As has already been said, the National Black Police Association has expressed concern at the potential of these provisions to undermine vital work promoting good relations between police and the communities they serve, saying that they could result in a return to the days of sus laws and the police being seen as part of the Immigration Service. Evidence indicates that black and minority ethnic drivers are around twice as likely to be stopped as white drivers.

The situation will not have been made any easier by evidence given by the police to the Commons Public Bill Committee when, as my noble friend Lady Lawrence of Clarendon said, a Metropolitan Police chief superintendent explained that they already had a power to stop any vehicle to ascertain ownership and driver details and, having done that, they would then inquire into whether the driver had the authority to drive that vehicle. He went on to say that, to fall within the new provisions in the Bill that we are debating, the police would then most likely need to do a further check with the immigration authorities, which at that stage would give them reasonable grounds—but not necessarily proof—based on a search of the immigration database to believe that the person driving was an illegal immigrant. In other words, these clauses relating to driving could effectively result in adding a routine immigration check into a traffic-stop regime which many in black and minority ethnic groups already regard as operating in a discriminatory fashion.

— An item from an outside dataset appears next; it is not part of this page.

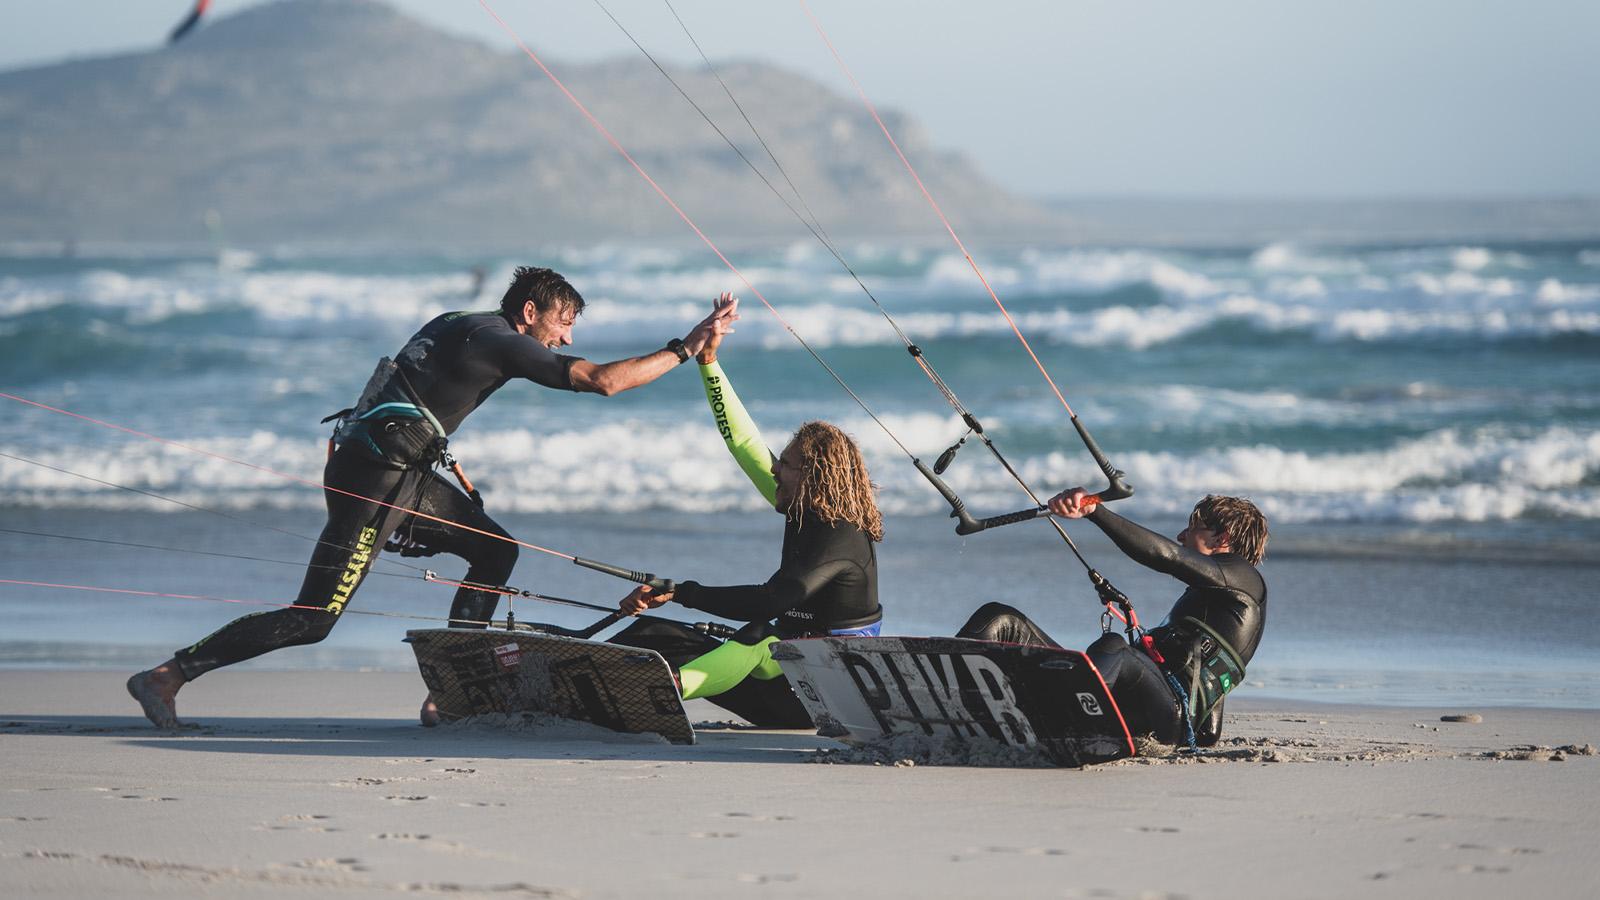 Peter Lynn Kiteboarding SS21 Kites
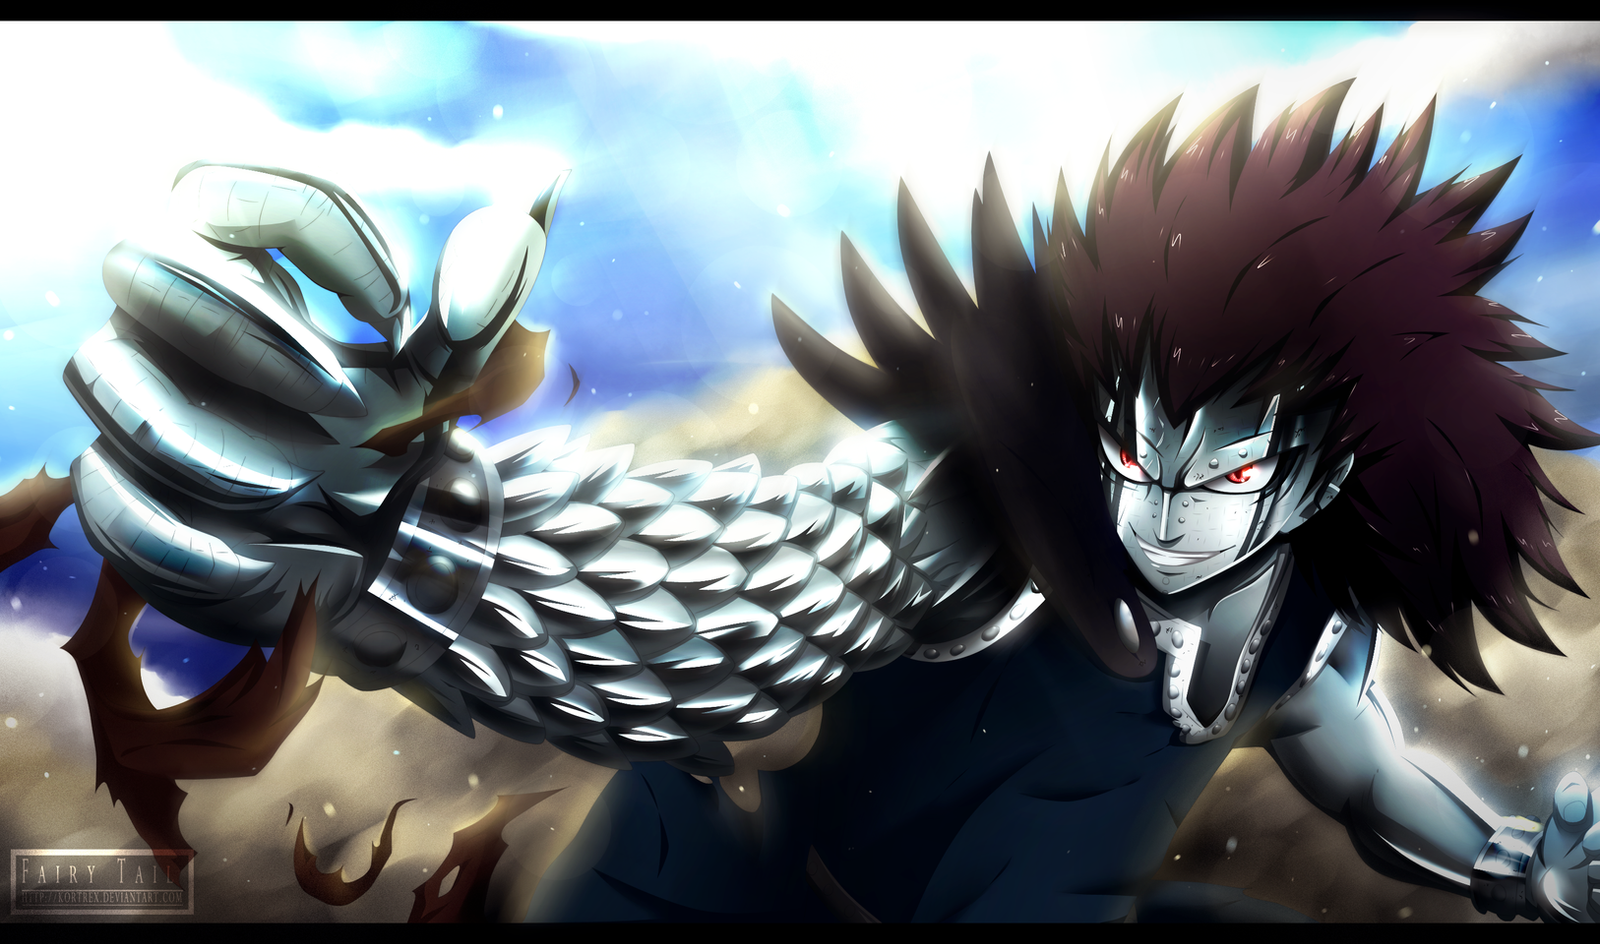 Gajeel Redfox Dragonforce

The points that have been made by my noble friend Lady Lawrence, the noble Lord, Lord Paddick, the right reverend Prelate the Bishop of Southwark and others about the impact of these two clauses on fostering distrust and disharmony between the police and the public require a full and considered response from the Government, including the Government’s assessment of the impact on community cohesion if they disagree with what has been said on these proposed measures. This is yet another potential example in the Bill of measures that are intended by the Government to encourage illegal migrants to depart, by making it harder for them to live and work here, having highly likely unintended adverse consequences—this time for the role of the police, community relations and racial harmony.